I have a Buffalo WHR-G125 router which was given to me for free by my ISP for being a loyal client. At home I have a computer, a laptop and a netbook. The router is connected to the computer and I have no trouble accessing the Internet on all three of these devices. I can open pages, download etc. 

However:
However if I decide to host a server on some game, my friends cannot connect. After doing some research, I found out that certain ports are "closed" (whatever that means) and I need to open them in order for everything to start working again."

Anyway, I checked the infamous site "portforward.com" for instructions on how to open these ports.
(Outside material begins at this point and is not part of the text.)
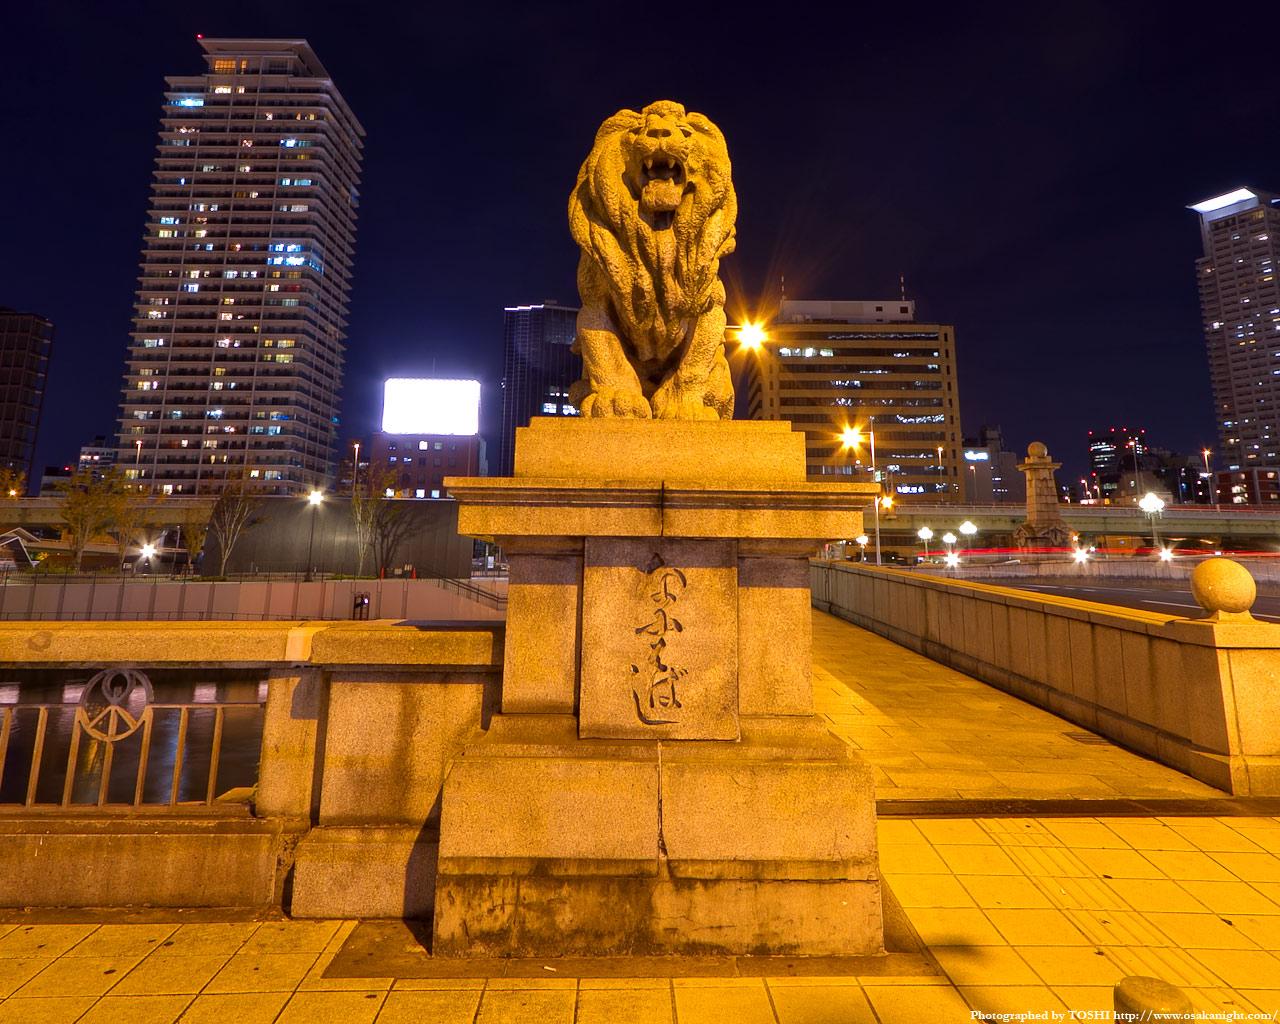 難波橋のライオン像(高欄の獅子)3

It was all fine and dandy, until the point where they stated I need to access my router settings page ("default gateway" or whatever, you'll have to excuse my ignorance). I entered "ipconfig" in cmd and it turns out my default gateway is 192.168.1.1. So I entered this in the URL bar of my browser and got a nasty surprise:

*"404 Not Found The requested URL was not found"*

I am truly stumped. The address is not accessible on neither the computer, nor the laptop or the netbook. I tried some automatic port forwarding software, but it didn't seem to do anything for me.

The only reason for this I can think of is that my ISP is probably blocking the router settings page for some reason (and how unfortunate, I can't even complain, because it's free, after all).

I tried asking on the official Buffalo forums and even tried asking for support and got pretty much the same message: 
"Try resetting. However, if it's flashed, you can't do anything.". 

Not exactly sure what to do right now. My worries:
1.) I'm not even exactly sure how to reset the darn router
2.) I'm scared that reseting won't do a thing and even if it does, I'm not sure I'll be able to reconfigure the entire thing by myself and the worst case scenario, not having internet at all and having to ask my ISP for help. :4-dontkno

Is there any way to access the friggin router settings page?


----------



## 2xg (Aug 5, 2009)

Hello,

This Thread has been re-opened for consideration - PM sent by OP. Remember, P2P Assistance is forbidden by this Forum.

Before resetting the router to factory default setting, try updating the router's firmware to the latest. You may obtain the firmware from the manufacturer's site.


----------



## b00t (Jul 16, 2011)

Thanks for reopening my thread!

But HOW can I update the firmware without being able to access the router settings page? 

Any help would be appreciated.


----------



## Wand3r3r (Sep 17, 2010)

did you call and talk to your isp about controlling the router?
can you ping 192.168.1.1 successfully?

No harm in a phone call to the isp to get their take on the situation. Your concerns are valid. I wouldn't suggest anything until you have a clear picture from the ISP. You would need all of the wan settings from them anyway.


----------



## b00t (Jul 16, 2011)

Truth is I haven't asked them, because it's free and I hate being the one who whines and complains about free stuff. But this is important, so I guess I'll have to.

Also, I can ping 192.168.1.1 (ttl=64), but when I asked on Buffalo forums, they said that's not normally a good sign. Oh, and furthermore, the default "default gateway" for Buffalo routers is 192.168.11.1, from what I understood. So I'm almost but certain that my ISP tampered with it.


----------



## Wand3r3r (Sep 17, 2010)

1ms ttl 64 is normal


----------